• [Your assignment]: Each line below from the one containing "Bold Channel Baguette Ring" through the one containing "of 2 For Sale" should be output exactly as it stands, and no other line should appear.
--- Records for the exercise Enclosed Below ---
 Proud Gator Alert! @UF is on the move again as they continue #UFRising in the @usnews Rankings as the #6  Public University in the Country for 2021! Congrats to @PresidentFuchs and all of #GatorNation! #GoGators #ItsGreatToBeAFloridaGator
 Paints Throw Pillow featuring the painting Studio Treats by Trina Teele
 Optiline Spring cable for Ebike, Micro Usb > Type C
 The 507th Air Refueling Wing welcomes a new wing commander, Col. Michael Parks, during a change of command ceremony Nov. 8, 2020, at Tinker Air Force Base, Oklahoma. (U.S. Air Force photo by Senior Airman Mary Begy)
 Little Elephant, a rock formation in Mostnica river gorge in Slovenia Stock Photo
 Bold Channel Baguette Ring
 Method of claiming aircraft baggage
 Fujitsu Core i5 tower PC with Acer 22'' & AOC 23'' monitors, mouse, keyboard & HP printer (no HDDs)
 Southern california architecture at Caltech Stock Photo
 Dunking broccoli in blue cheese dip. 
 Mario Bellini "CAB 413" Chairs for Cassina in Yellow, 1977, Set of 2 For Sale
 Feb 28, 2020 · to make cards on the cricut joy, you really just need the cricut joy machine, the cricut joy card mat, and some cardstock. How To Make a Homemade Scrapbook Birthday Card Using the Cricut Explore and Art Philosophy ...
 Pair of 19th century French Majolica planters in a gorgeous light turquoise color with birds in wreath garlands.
--- End of Enclosed Records for the exercise ---
• [Output for this task]:
 Bold Channel Baguette Ring
 Method of claiming aircraft baggage
 Fujitsu Core i5 tower PC with Acer 22'' & AOC 23'' monitors, mouse, keyboard & HP printer (no HDDs)
 Southern california architecture at Caltech Stock Photo
 Dunking broccoli in blue cheese dip. 
 Mario Bellini "CAB 413" Chairs for Cassina in Yellow, 1977, Set of 2 For Sale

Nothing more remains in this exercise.